Every culture in the history of the world has had some concept of what God is like. Some have assumed that God is in control of the weather and have made images of a storm god throwing lightning bolts around (Baal worship in Canaan). Some have assumed that God is very powerful, and so they worshiped the most powerful thing they could see, the sun (Ra worship in Egypt). Others have assumed that God is everywhere and therefore have worshiped everything (pantheism in Stoic philosophy). Some have assumed that God is unknowable and have turned to agnosticism or, just to cover their bases, have worshiped “An Unknown God” (Acts 17:23).

The problem with each of these assumptions is that they only get part of the picture of who God is. Yes, God is in control of the weather, but He is also in control of so much more. He is powerful, but much more powerful than the sun. He is everywhere, but He also transcends everything. And, thankfully, while there are some things we don’t understand about God, He is knowable. In fact, He has revealed everything we need to know about Him in the Bible. God wants to be known (Psalm 46:10).
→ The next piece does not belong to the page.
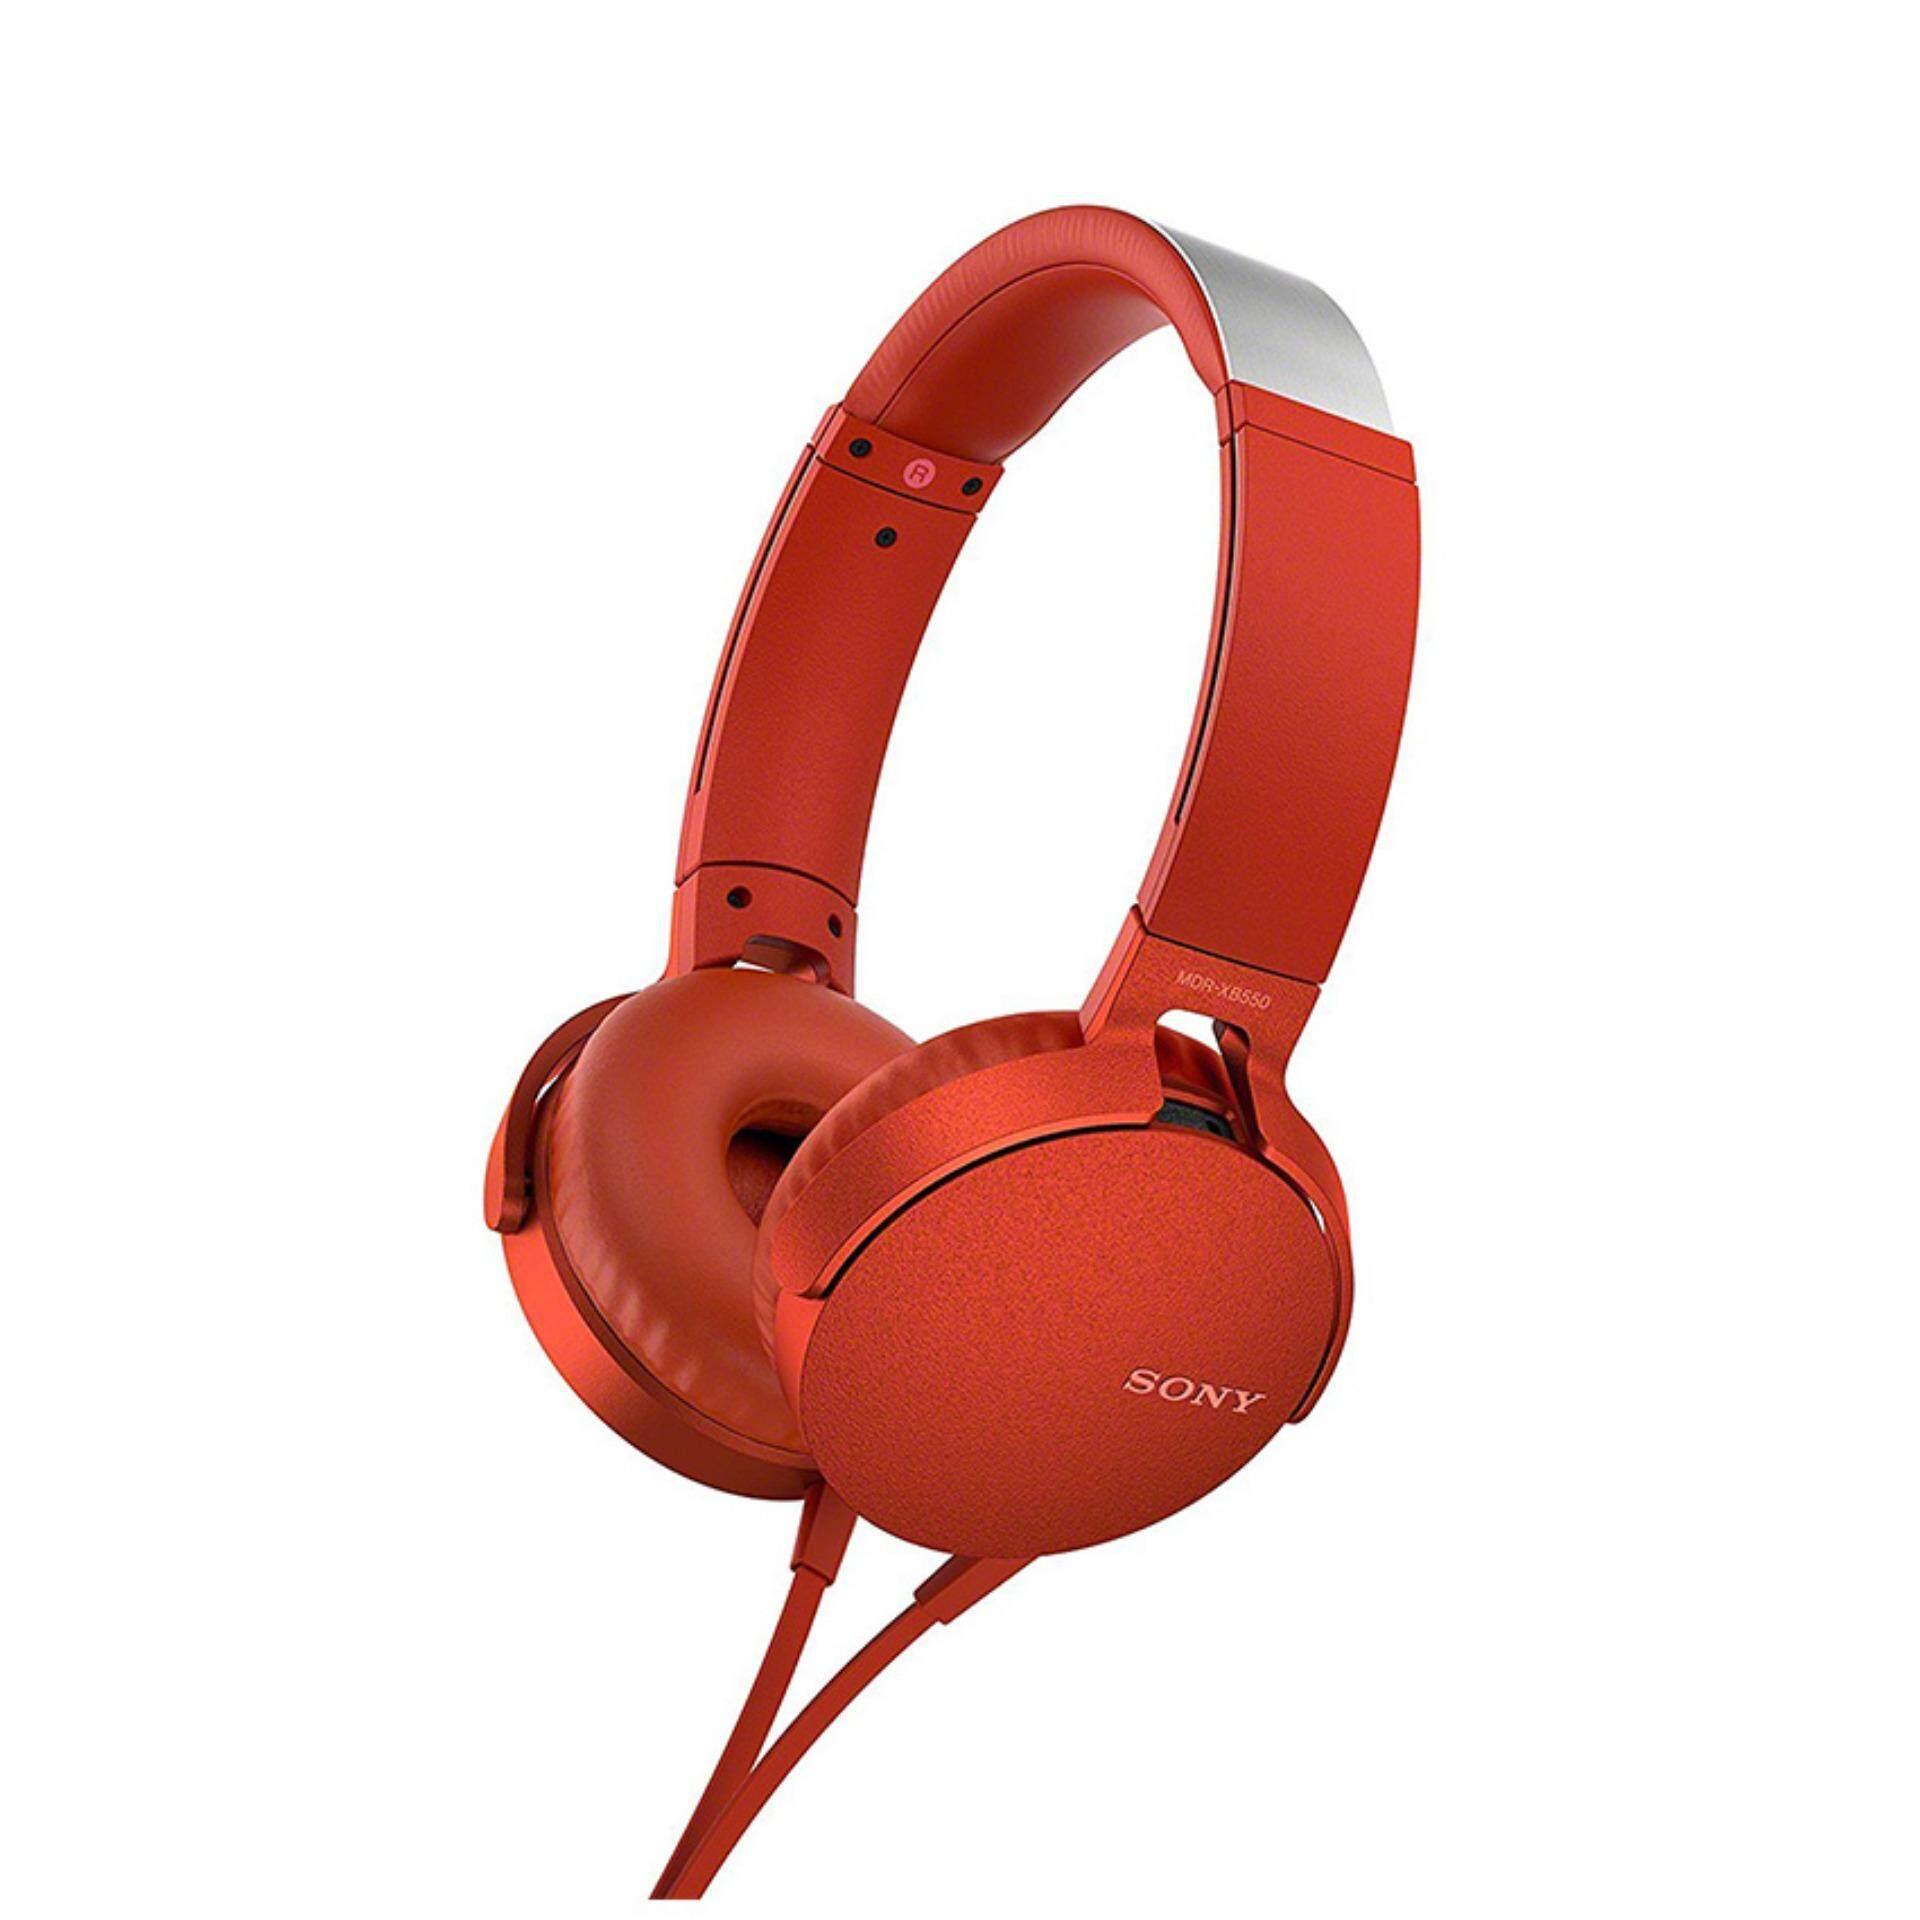 ข้อดีและข้อเสีย Sony หูฟังแบบครอบหู รุ่น MDR-XB550APRCE /Red เสียงดี รุ่นใหม่ 2019

Norman Geisler and Frank Turek, in their book I Don’t Have Enough Faith to be an Atheist, state the following:

- Truth is discovered, not invented. It exists independent of anyone’s knowledge of it. (Gravity existed prior to Newton.)

- Truth is transcultural; if something is true, it is true for all people, in all places, at all times. (2+2=4 for everyone, everywhere, at every time.)

- Truth is unchanging even though our beliefs about truth change. (When we began to believe the earth was round instead of flat, the truth about the earth didn’t change, only our belief about the earth changed.)

Therefore, as we try to ascertain what God is like, we are simply trying to discover truths already there.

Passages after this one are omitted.